In mid-2011, the SGC embarked on a large-scale project to generate recombinant renewable antibodies against target proteins involved in Epigenetic signalling.

Renewable, well-characterized antibodies

aSYCP3 – green, aCBX5 – red, DNA - blue
aSYCP3 – green, aCBX5 – red, DNA - blue

Antibodies are among the most commonly used research tools in biomedicine, and are used to detect proteins; to monitor protein localization in cells and tissues; and to study protein-protein interaction and signaling networks. Unfortunately, high quality antibodies are not available for most human proteins, and this severely limits our ability to explore human biology and understand disease. Partly as a result of this lack of reagents, most biological research remains focused on genes and proteins that were known prior to the sequencing of the human genome ( Edwards et al, Nature). It is generally agreed that exploration of novel proteins depends on the availability of high-quality, renewable antibodies.

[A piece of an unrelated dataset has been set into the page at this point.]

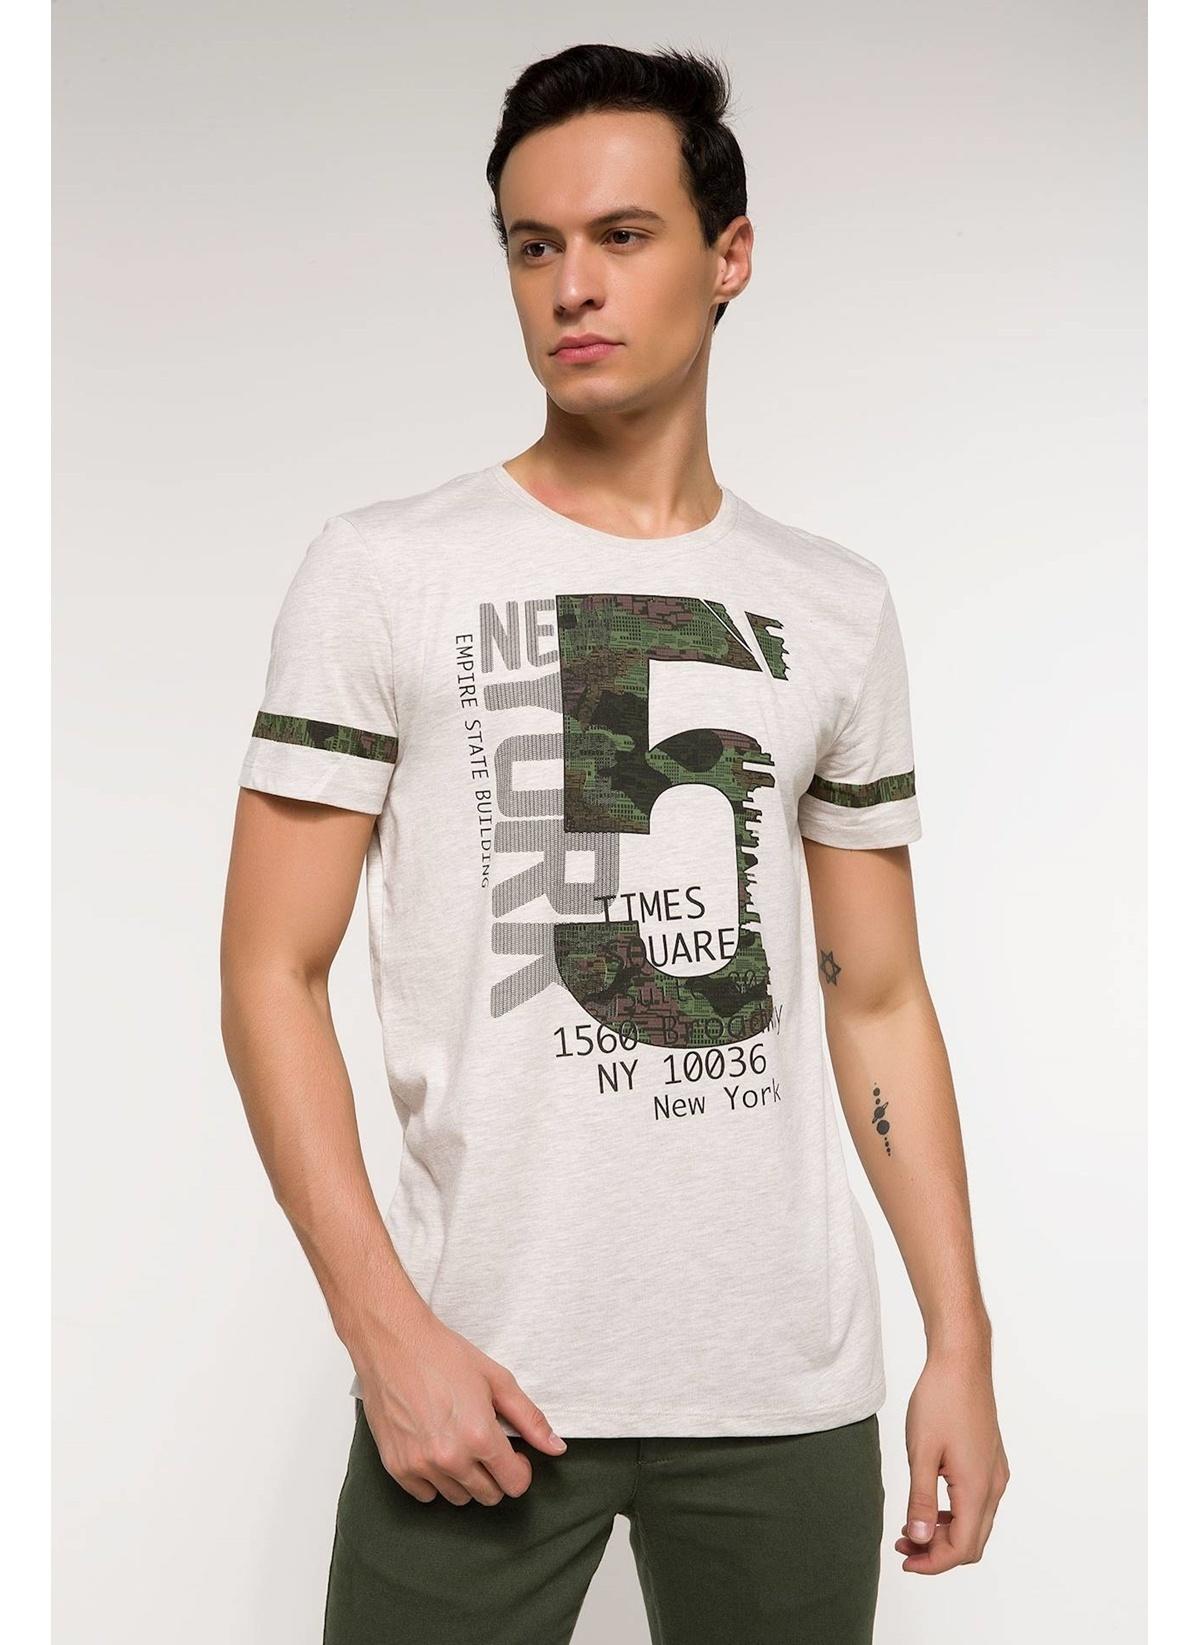 Defacto Long Fit Baskılı T-shirt I1516az18smbg300t-shirt – 19.99 TL
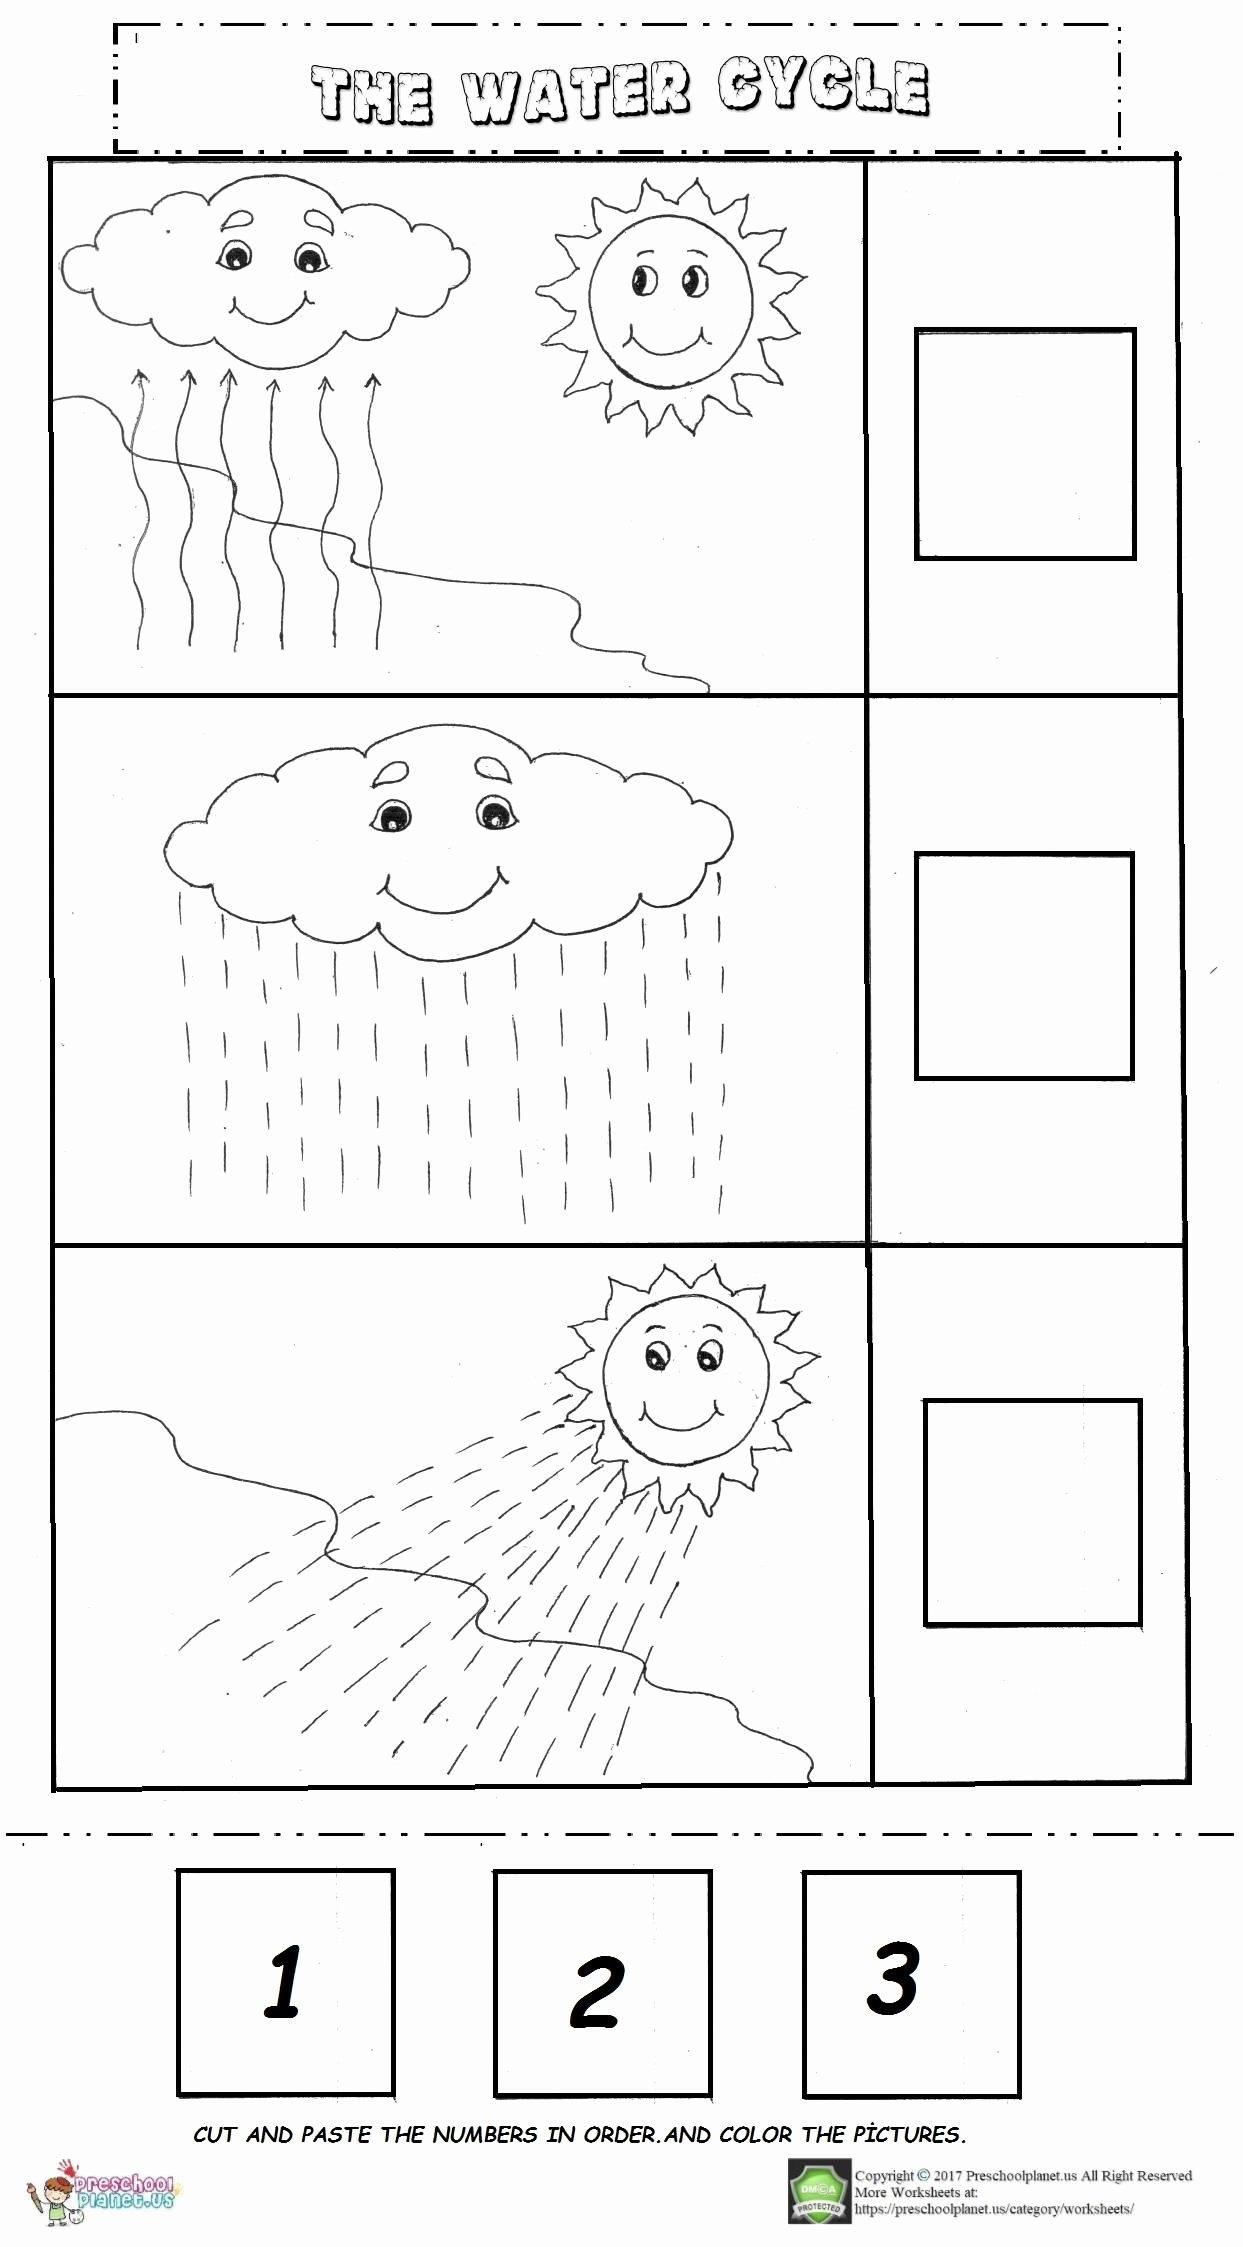 Water Worksheets for Preschoolers Lovely the Water Cycle Worksheet – Preschoolplanet

Project objectives and scope

The specific goal of this project is to generate and characterize 200 high-quality renewable antibodies to proteins implicated in epigenetic and chromatin biology. The project is being supported by the SGC funders and Life Technologies, which is distributing the antibody reagents with no restriction on use ( epigenetic recombinant antibodies).  The renewable antibodies (Fabs or scFvs) are being selected using phage display technologies, using "crystallography-grade" antigens provided by the SGC.  The objective is to provide the scientific community the research tools to better understand the roles and functions of the targeted proteins in health and disease.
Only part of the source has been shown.